The Washington PostDemocracy Dies in Darkness

Opinion What comes after Roe falls?

A crowd gathered May 3 in front of the Supreme Court after a draft of an opinion was released indicating that Roe v. Wade would be overturned. (Bonnie Jo Mount/The Washington Post)

Abortion opponents say the right to privacy does not exist and that Roe v. Wade should be overturned because of it.

Several cases of settled law could be affected if Roe v. Wade were struck down. The nation could be looking at judicial reviews for gay rights and contraception rights as starters, because if Roe was incorrectly decided, it follows that Lawrence v. Texas and Eisenstadt v. Baird were also decided incorrectly, and every right and privilege that has flowed from those decisions is in jeopardy.

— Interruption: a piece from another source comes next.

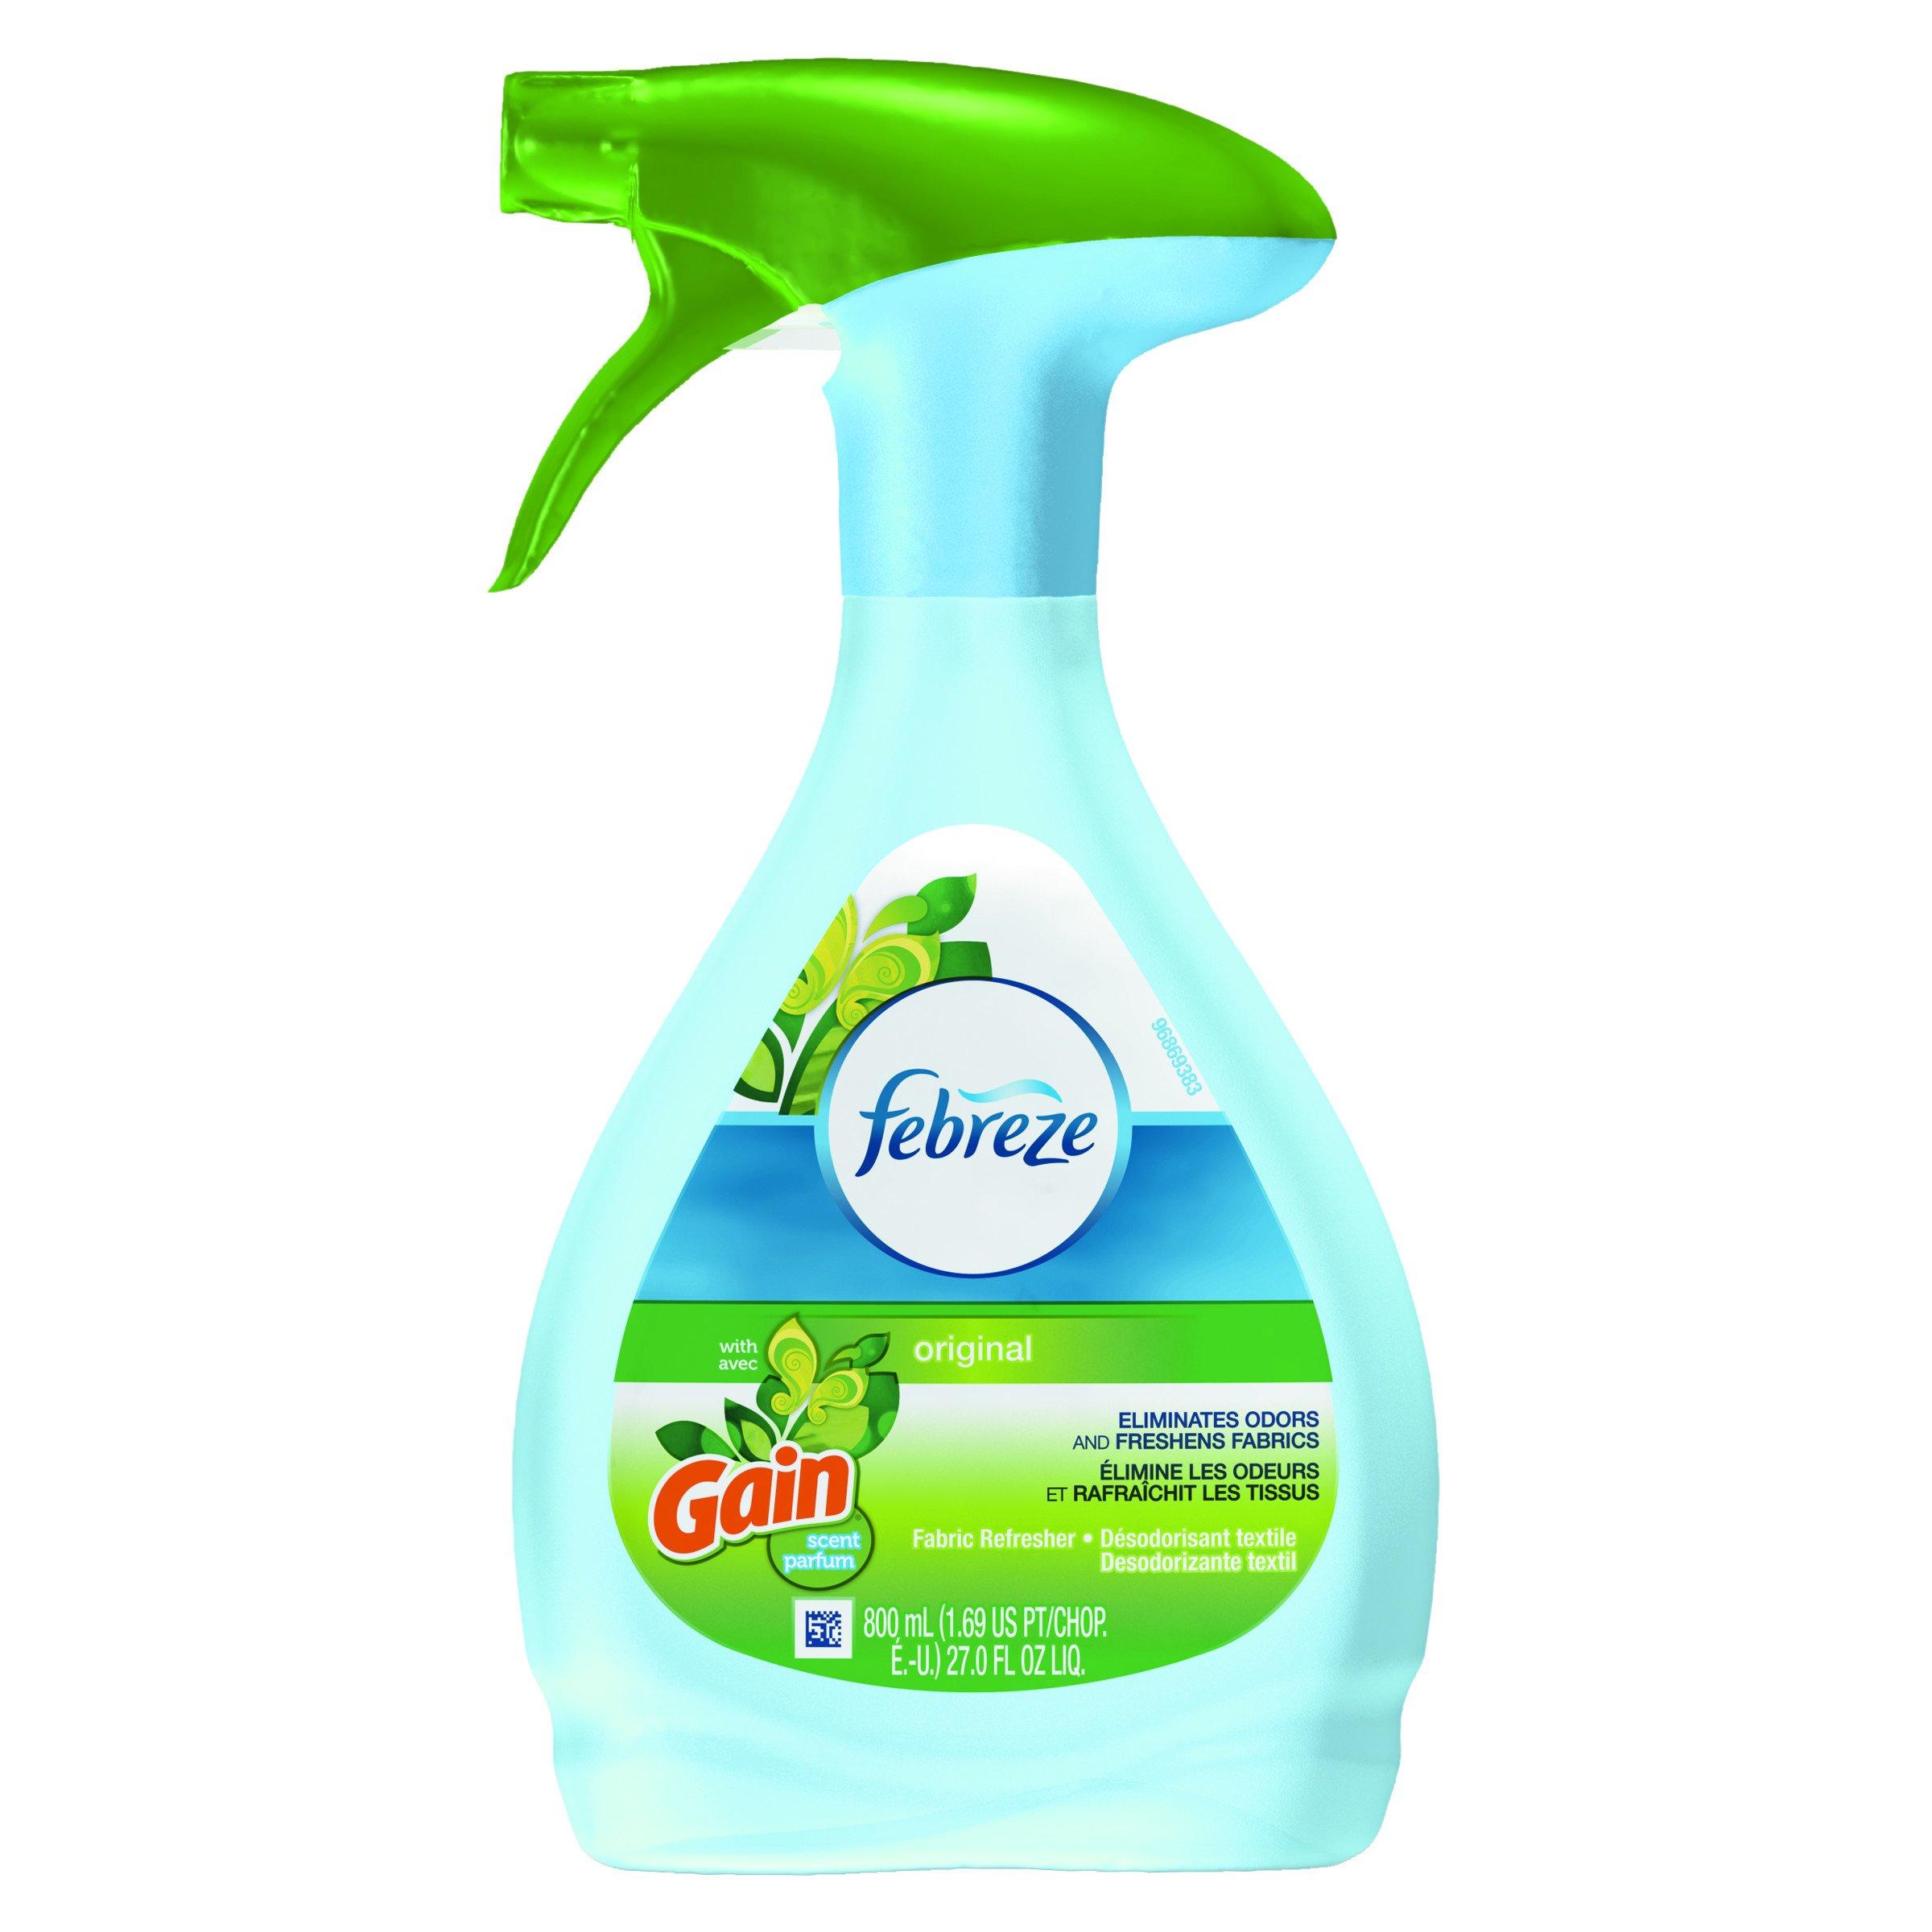 Febreze 47804CT Fabric Refresher & Odor Eliminator, Gain Original, 27 oz Spray Bottle (Case of 6) by Febreze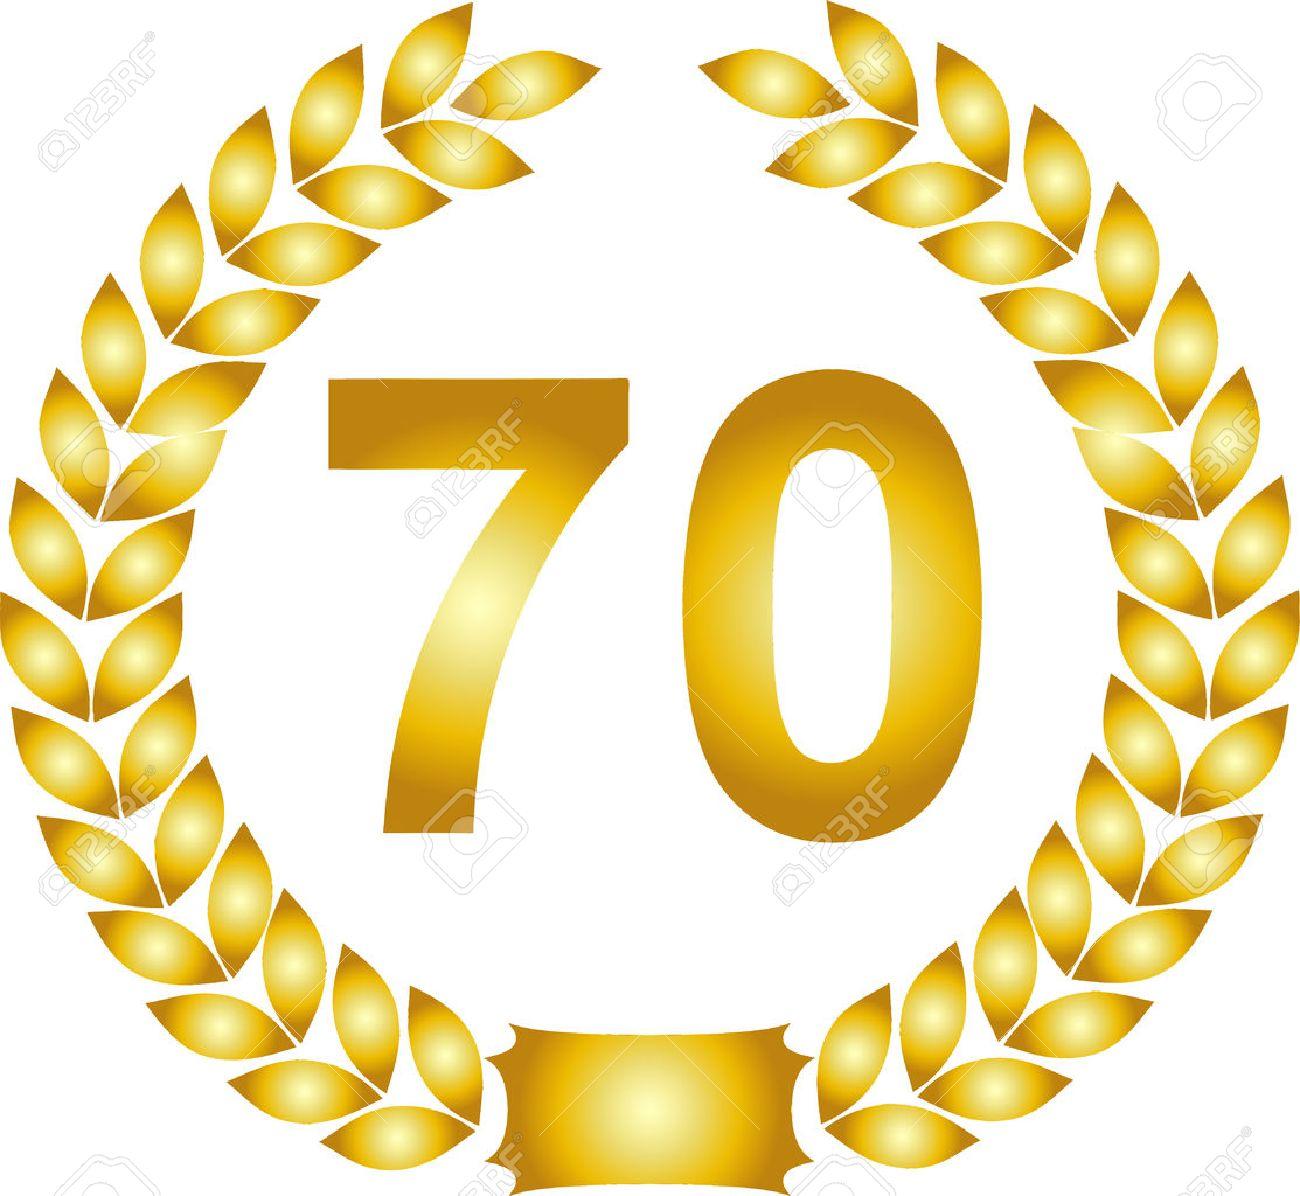 70-LECIE

One of the most important things we expect from our Supreme Court is critical thinking. If the court has determined that we have no right to privacy, it opens the door for further and further government invasion of our private lives. It is incumbent upon the justices to think beyond issues and focus on the potential impact of their decisions on the daily lives of the American people.

Eileen McClure Nelson, Burke

The writer is a former board chair of Prochoice Virginia.

It is a devastating time to be a young woman in this country. A warming planet, widening inequality, a never-ending pandemic and now the probable elimination of a woman’s basic right to her own body.

A single polarized political maneuver stole a basic human right of millions. I am often struck by how people in the United States view abortion. As if the choice to end a pregnancy is a frivolous decision made by a godless woman who thinks only of herself.

To those who claim we have reached equality: The idea that women are represented in equal numbers in the workforce and that there is no longer shame for a child born out of wedlock severely misrepresents the great burden of sacrifice imposed on womankind. Whether it be done in the service of a husband, a child or a parent, a woman’s agency is expected to come last. It is easy for many to pat themselves on the back because we no longer live in the worst time to be a woman. But having the ability to hold your head above water doesn’t mean those who come after you are guaranteed to be safe from drowning.

Kara Savitt, Washington

The May 4 Metro article “Court’s draft opinion puts spotlight on abortion in Md. governor’s race” mentioned that the Maryland General Assembly enacted legislation that expands access to abortion providers. It allows physician assistants, midwives and nurse practitioners to perform the procedure, just as they can in 14 other states.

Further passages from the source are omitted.